* [What you are asked to do] First find the line with "Image of WWE", then reproduce it and all following lines of the data to the end, exactly and with no pictures, adding nothing.

Data for review section start

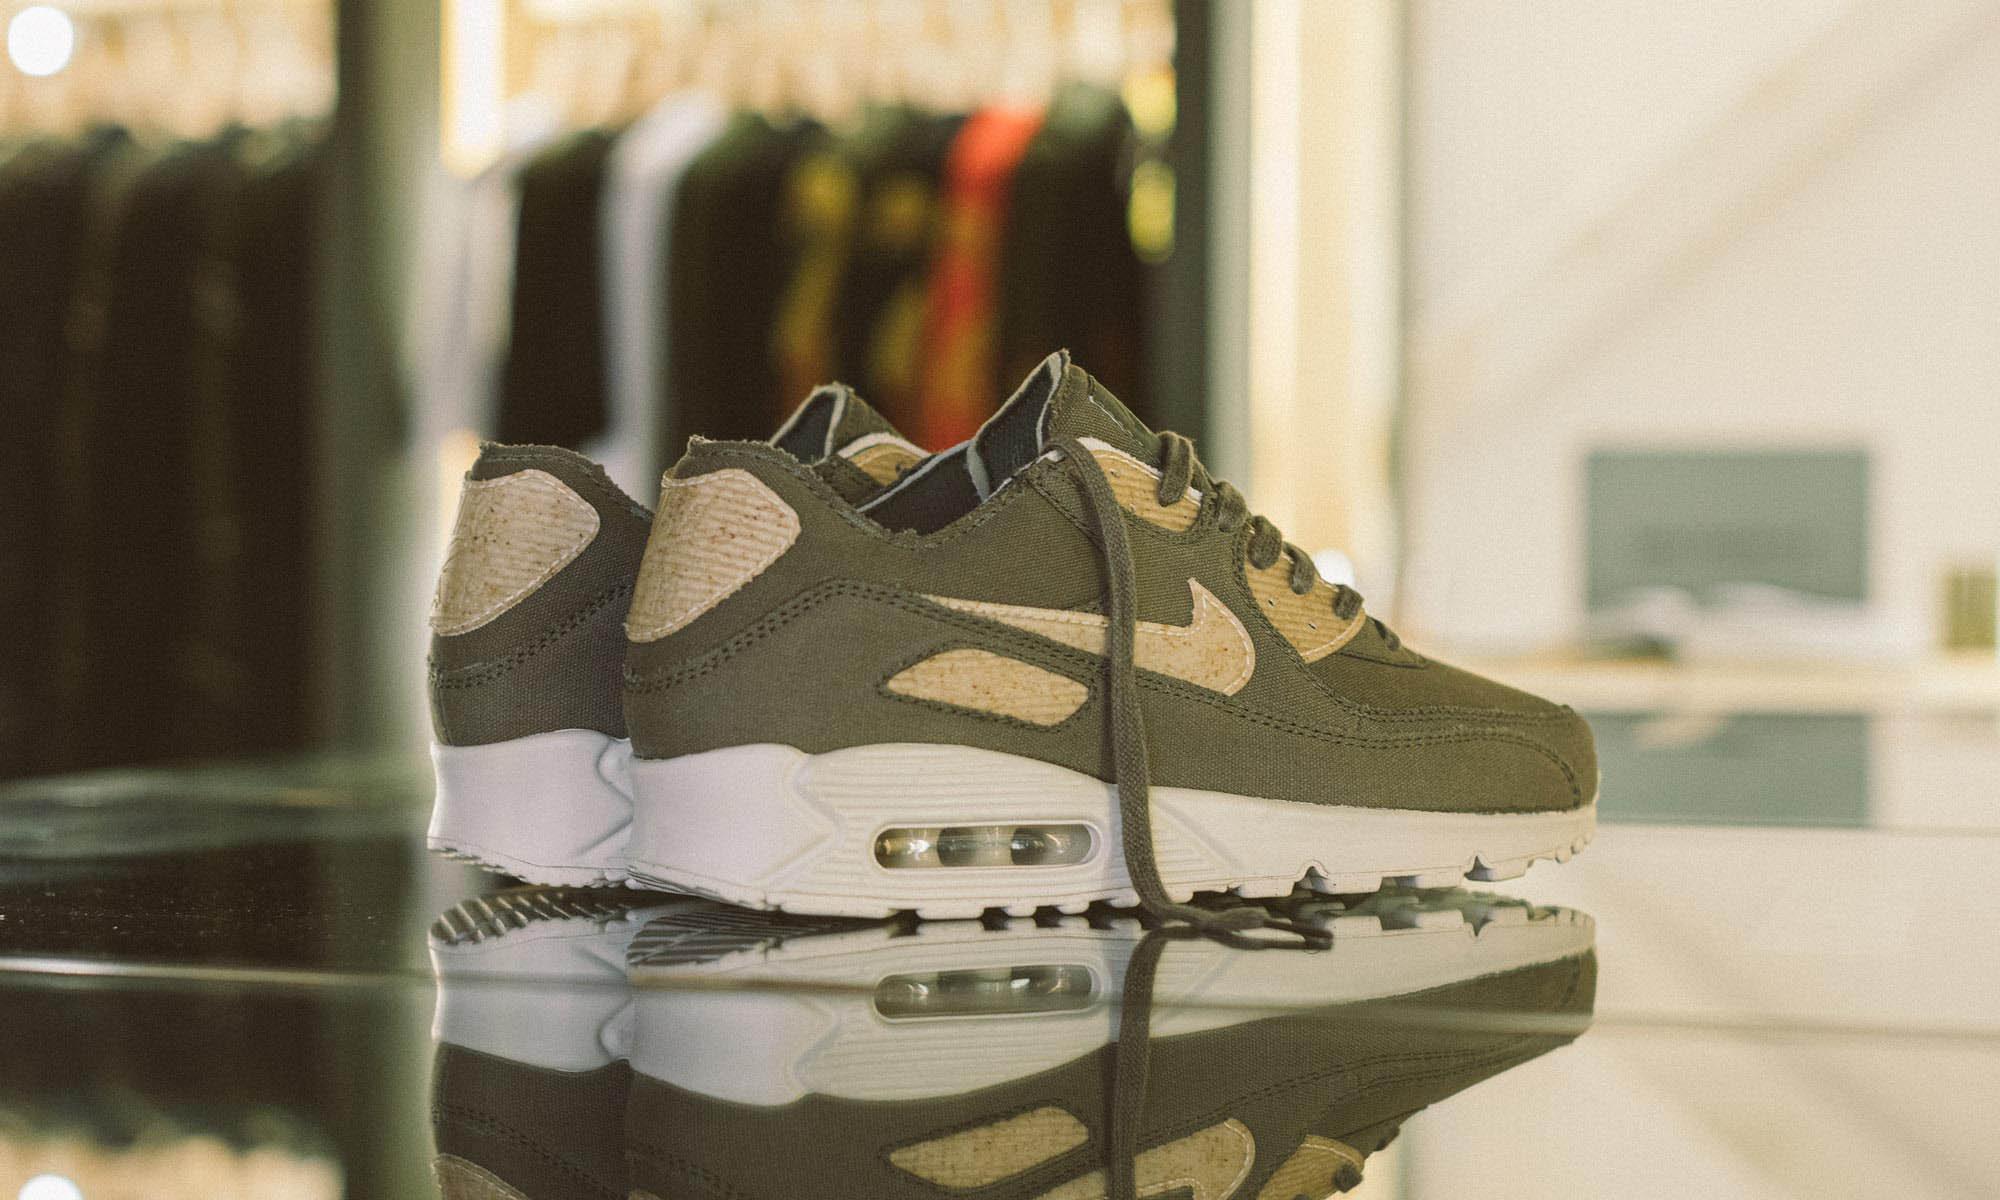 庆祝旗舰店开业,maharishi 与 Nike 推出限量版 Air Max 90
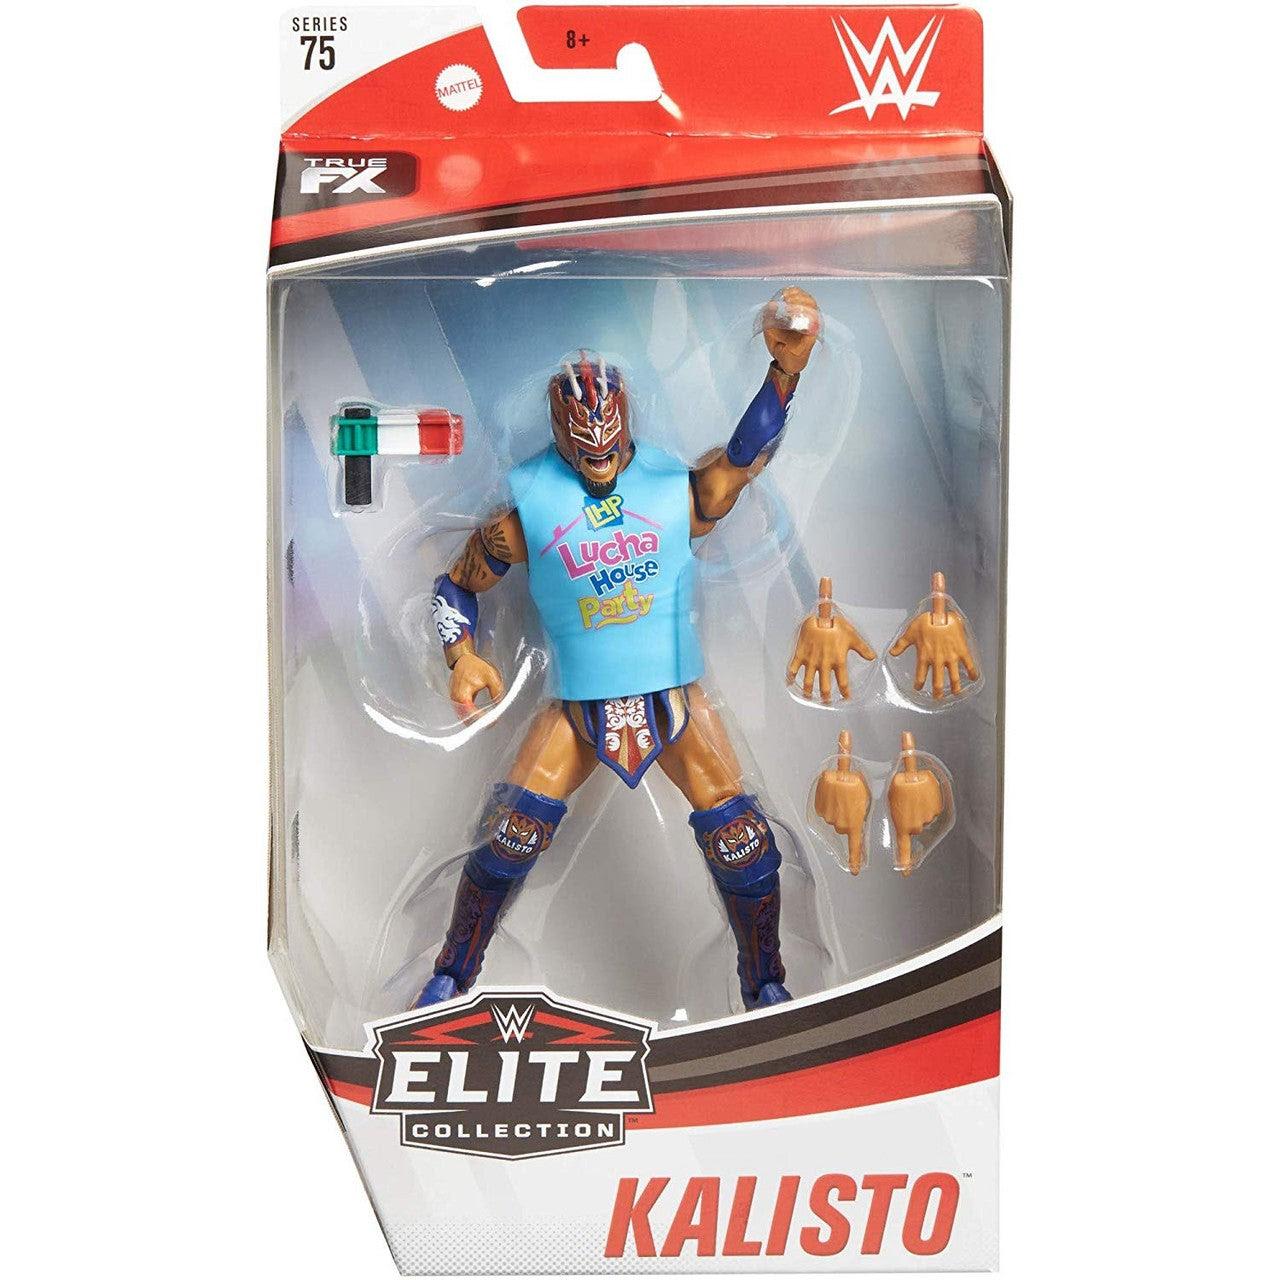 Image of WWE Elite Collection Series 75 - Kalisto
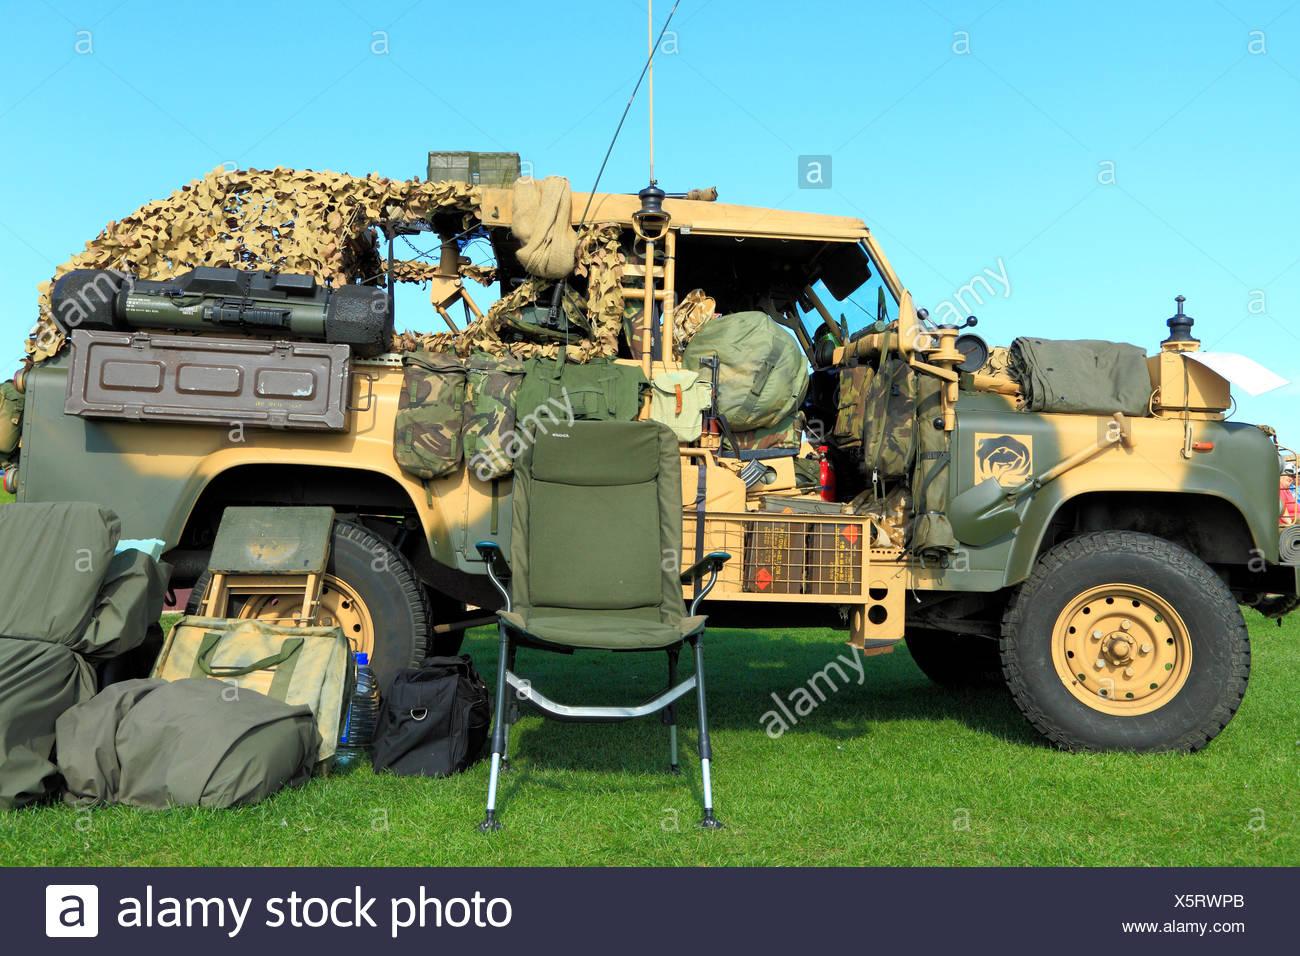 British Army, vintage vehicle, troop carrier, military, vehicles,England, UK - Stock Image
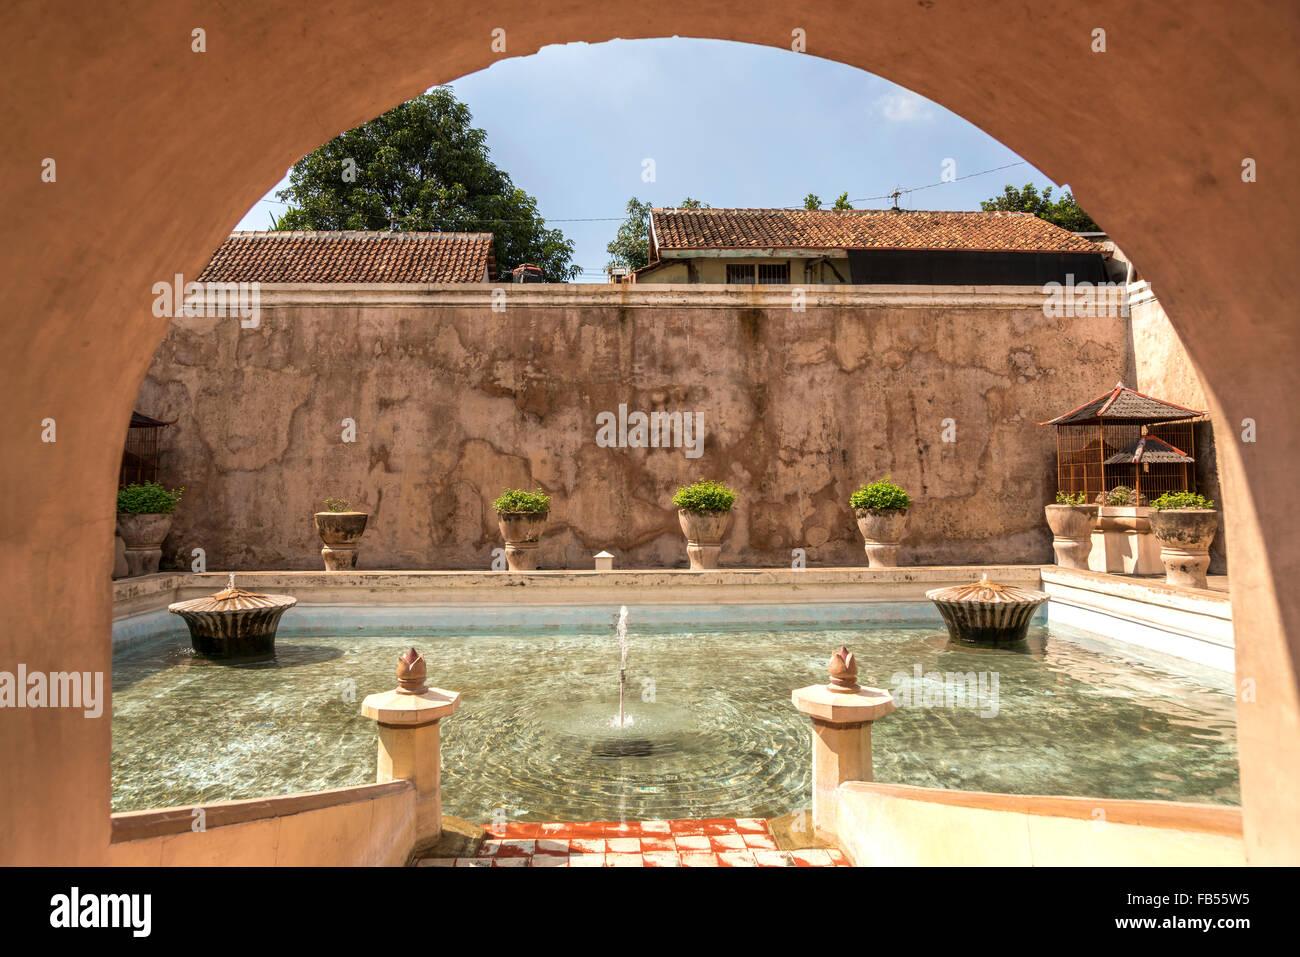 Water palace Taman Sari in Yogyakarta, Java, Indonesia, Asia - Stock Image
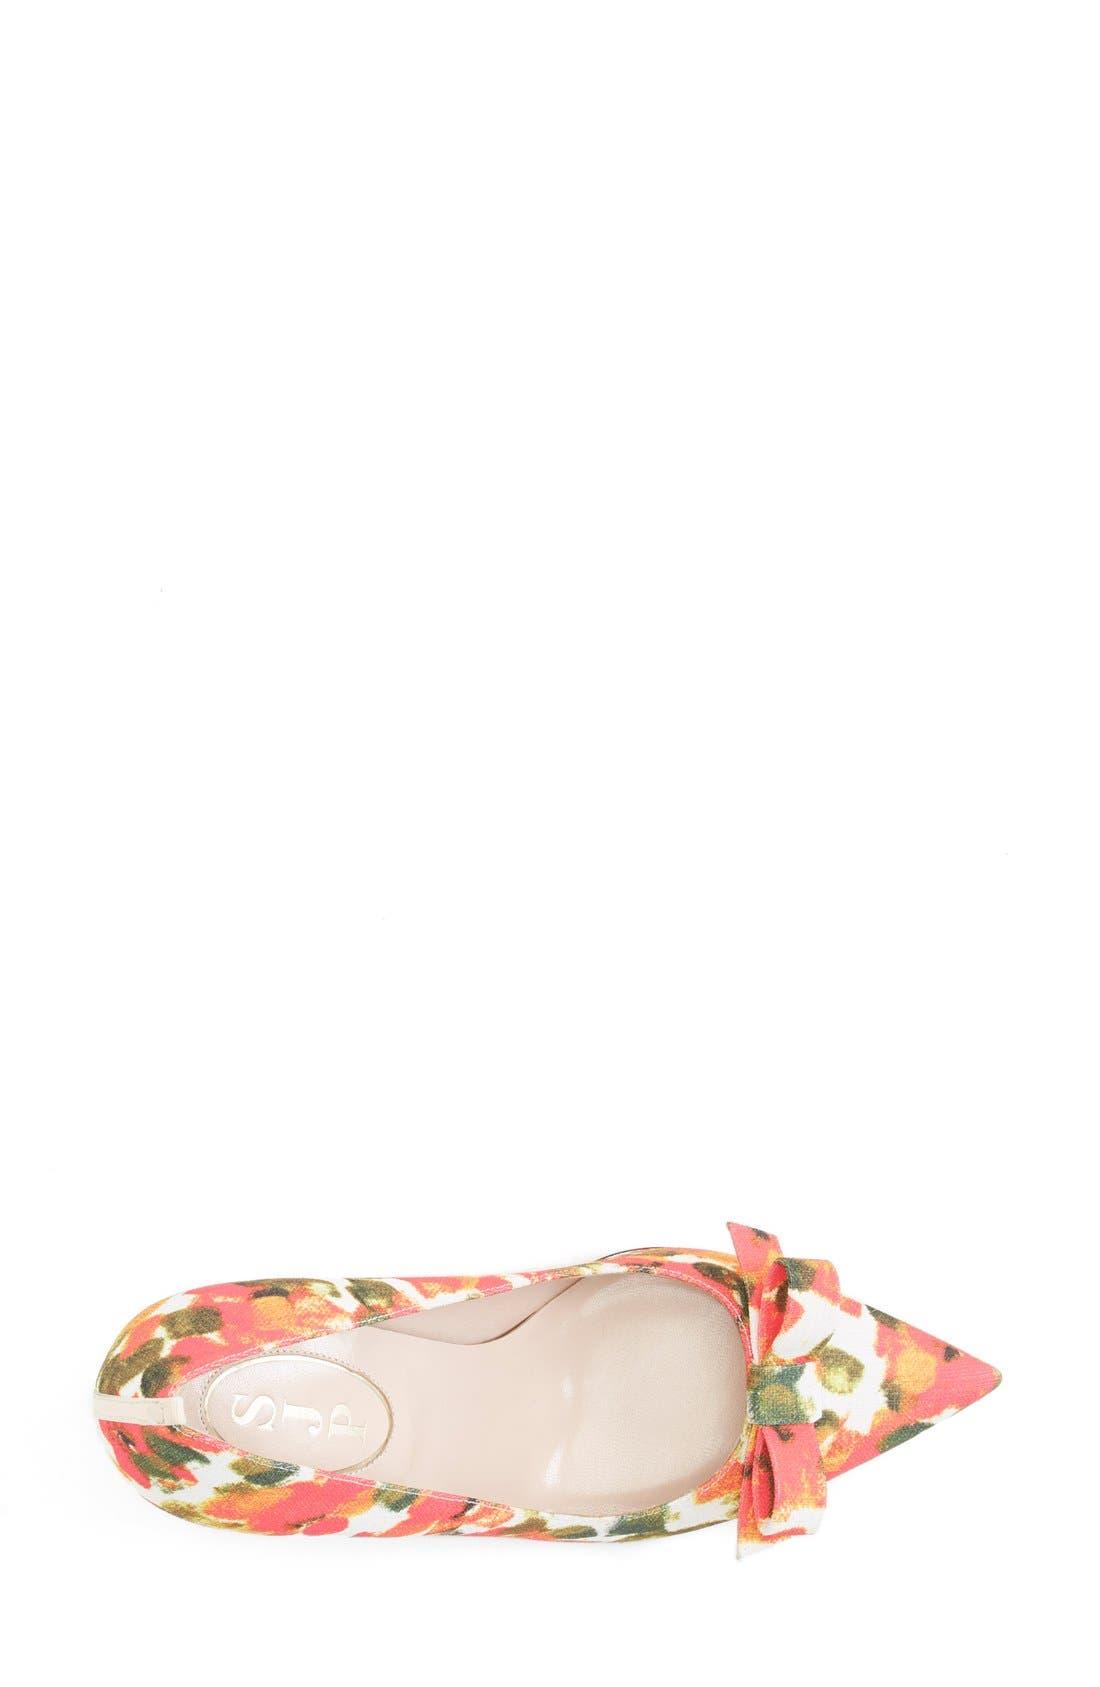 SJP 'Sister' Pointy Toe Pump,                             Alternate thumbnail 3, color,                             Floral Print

Data for review section end

* [Answer for the task]
 Image of WWE Elite Collection Series 75 - Kalisto
 British Army, vintage vehicle, troop carrier, military, vehicles,England, UK - Stock Image
 Water palace Taman Sari in Yogyakarta, Java, Indonesia, Asia - Stock Image
 SJP 'Sister' Pointy Toe Pump,                             Alternate thumbnail 3, color,                             Floral Print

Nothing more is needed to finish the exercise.